И вспомнилось ей, как всякий раз, когда летел камень, она молила бога, чтобы этот камень добил наконец собаку, ибо такая это была жалкая тварь, что пощадить ее было бы грехом из грехов. А теперь вот и она чувствовала себя бедной Дианкой и с радостью призывала на себя любое горе и беду, лишь бы они прикончили ее, ибо ей, несчастной, только и надежды осталось, только и хотелось, чтобы ее тоже добили. О, если вот он каков, конец всякого величия — раболепное хныканье, похотливое безумие и коленопреклоненный страх, — о, тогда, значит, и нет на свете никакого величия. Герой, о котором она прежде мечтала, подъезжал к вратам смерти, бряцая шпорами и звякая сбруей, обнажив голову и опустив меч, но не было у него страха в бессмысленном взоре, трясущимися губами не молил он о пощаде. Значит, и нет на свете увенчанных ореолом созданий, чтобы тосковать по ним, любить их и боготворить, нет солнца, чтобы смотреть на него, пока не померкнет свет в очах, смотреть, чтобы все сняло, блистало, переливалось красками. Серо и тускло… Все было серым, тусклым и пустым, непробудные будни, сплошная повседневная вялая маята.

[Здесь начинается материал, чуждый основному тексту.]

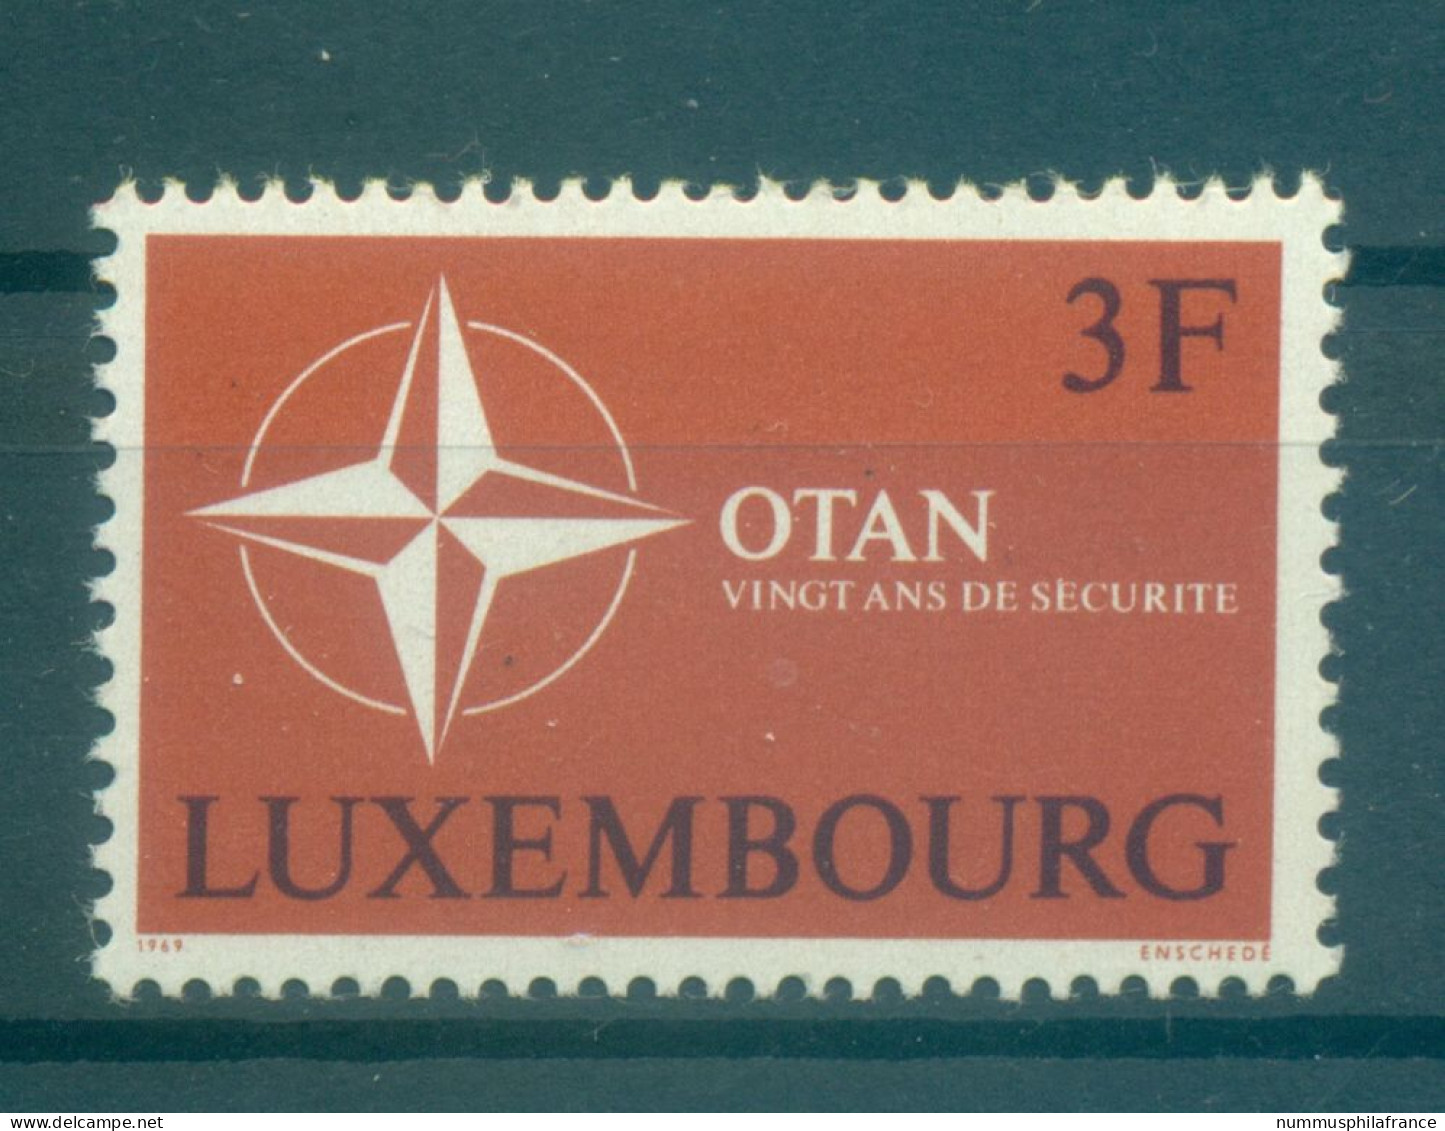 Luxembourg 1969 - Y & T N. 744 - OTAN (Michel N. 794) - Nuevos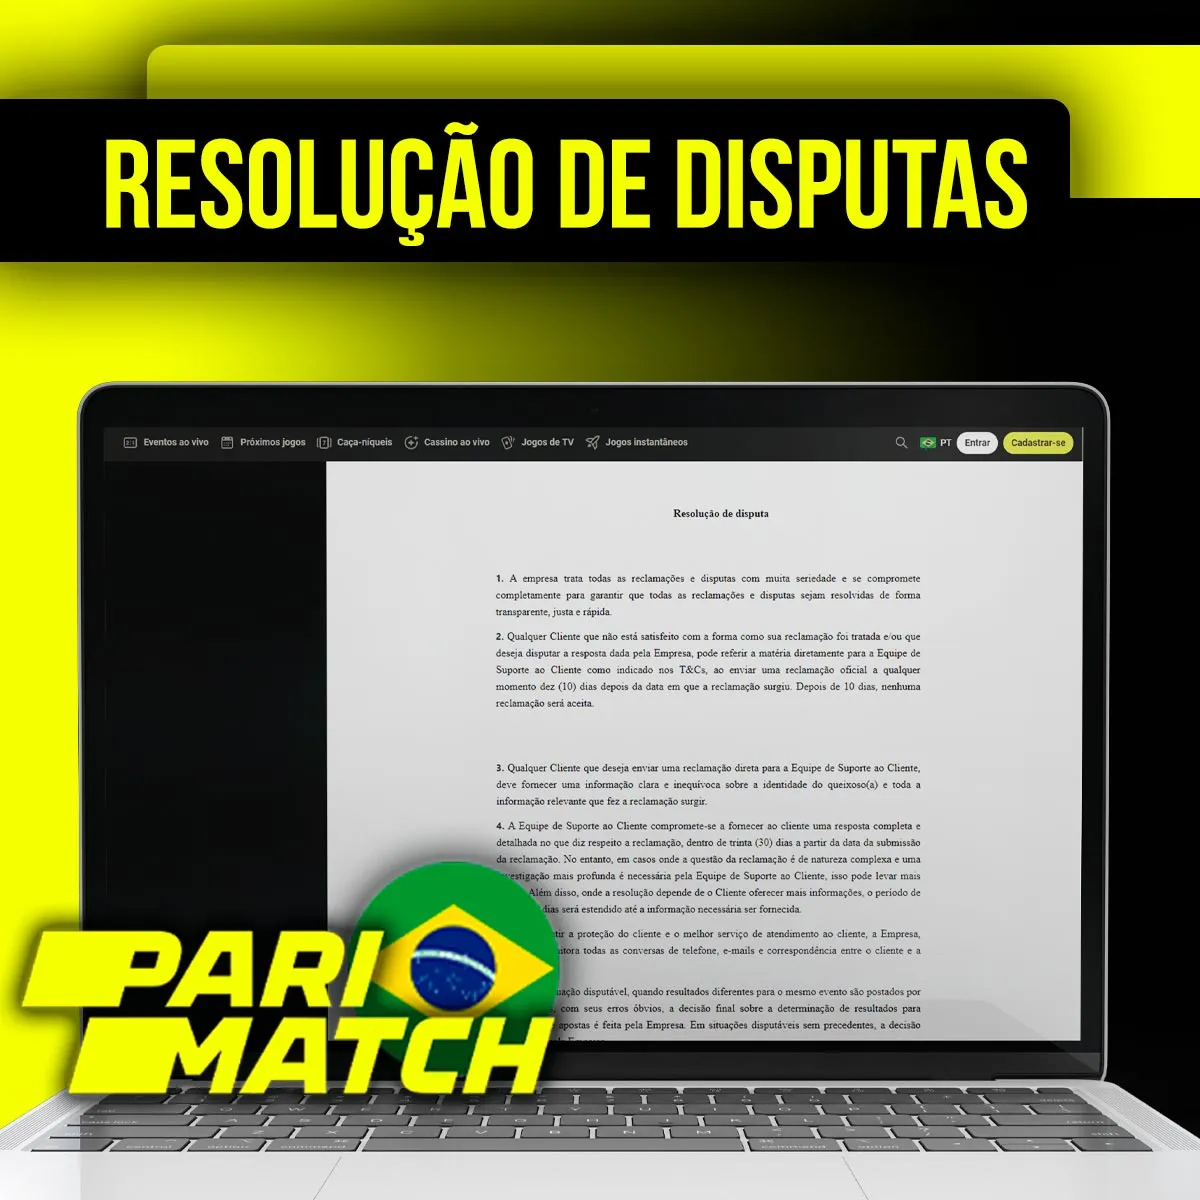 Resolução de disputas de apostas Parimatch no Brasil

Вот как думала она первое время. Ей казалось, что на краткий миг занесло ее в дивный пестроликий сказочный мир, где на жарком жизнетворном воздухе все существо ее распустилось, как диковинный заморский цветок, излучая солнце из каждого листика и дыша ароматом из каждой прожилки, и, упиваясь светом и ароматом, рос он да рос всей гурьбою листвы, расправляя листок за листком, от неуемной силы и крепости. А теперь все это минуло, вновь стала она жалким пустоцветом, бесплодной и оцепенелой от стужи. И весь мир был таков, и все люди вокруг, все они были такие же. А все-таки жили они себе да поживали как бог на душу положит, жили до глупости деловито. Ох, сердце у нее изболелось — так тошно было ей видеть, как кичатся они и пыжатся в безобразном убожестве своем и гордо прислушиваются к полновесному бряцанию собственного пустозвонства.